In december 2004, tijdens de arbitrageprocedure, heeft belanghebbende haar 20 percent-belang in [D] uitgebreid tot 30 percent door de aankoop van het 10 percent-belang van [F] . Door middel van diverse andere transacties in de periode 2001-2006 heeft belanghebbende, los van de SPA en FA, nog circa 3 percent van de aandelen in [D] verworven. Daarmee is het totale aandelenbelang van belanghebbende in [D] op 33 percent gekomen.
2.21.
In november 2007 is belanghebbende de tweede fase van de arbitrageprocedure gestart. Daarnaast is een overleg opgestart met de inmiddels aangetreden nieuwe Poolse regering die te kennen heeft gegeven open te staan voor een oplossing van het geschil. Belanghebbende heeft in 2008/2009 haar strategie heroverwogen en een terugtrekking uit de Poolse markt niet langer uitgesloten. Dit is mede ingegeven door de financiële crisis en de omstandigheid dat de verstandhouding met de Poolse autoriteiten sinds 2002 verstoord was. In januari 2009 heeft belanghebbende nog een poging gedaan RoP te bewegen tot levering van het 21%pakket in [D] via een zogenaamde “Call for settlement” procedure bij de Rechtbank in Warschau.
2.22.
Bij de besprekingen tussen belanghebbende en RoP heeft belanghebbende zich laten vertegenwoordigen door [H] en RoP door [I] . Over die onderhandelingen heeft [H] in een verslag van een bijeenkomst op 28 juli 2007 onder meer het volgende vastgelegd (hierin is [I] als LB aangeduid, RoP als Eagle, [C] (belanghebbende) als Butterfly en [D] als Chopin):
“LB working again with 3 value-transfer “building blocks” to compensate for 21% deprivation and to provide some form of damages compensation, as well as an explicitly marked-tot-market valuation approach for the 33% to be divested through IPO.

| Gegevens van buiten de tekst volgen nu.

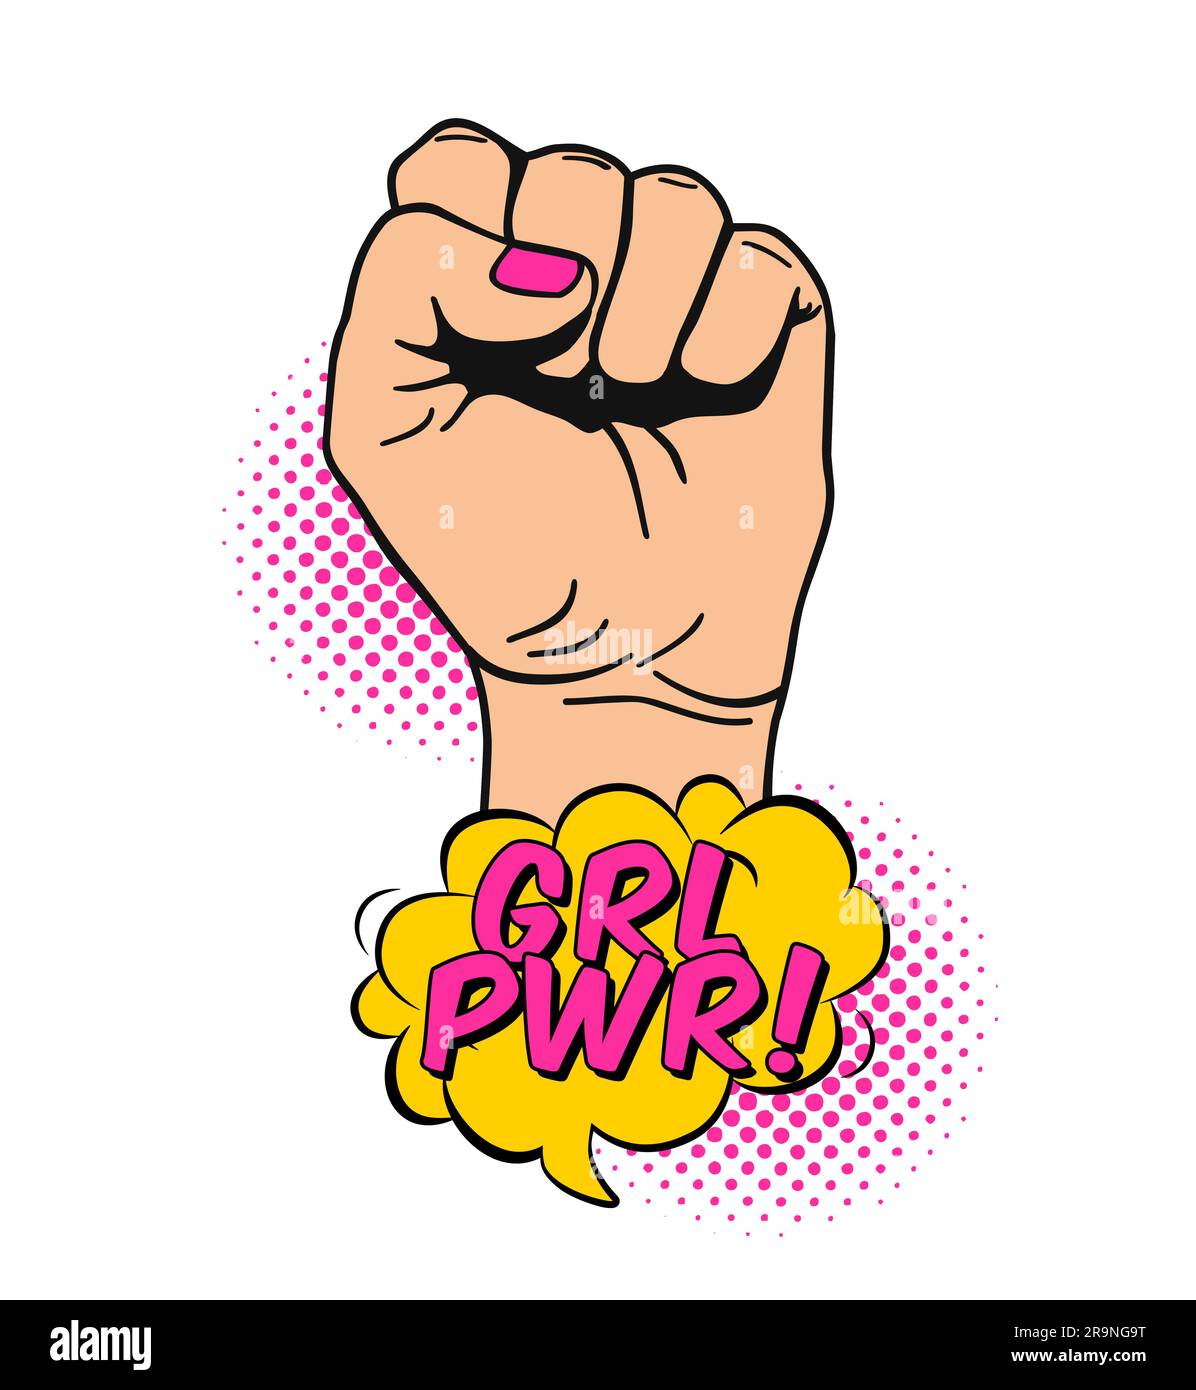 Illustration vectorielle de la poings féminins surélevés en style pop art comique. Écriteau sur le thème des droits et de la solidarité des femmes, le concept du féminisme, la protestation, les rebelles, Illustration de Vecteur

(Block 1) Value deprivation for 21% – damages for acknowledged deprivation of right in 2002 (…).
(Block 2) IPO/first-seller compensation – compensation for [C] being first-seller (IPO discount).
(Block 3) Control premium compensation – compensation for [C] “giving up” a significant interest in Chopin.”
In een memo van [H] van 8 augustus 2008 over het voorstel van RoP aan belanghebbende in die onderhandelingen is onder ander het volgende vastgelegd:
“Proposal consists of:
Dividend distribution (…)
Lump-sum payment of a fixed amount of € 1.0 bn consisting of a number of components.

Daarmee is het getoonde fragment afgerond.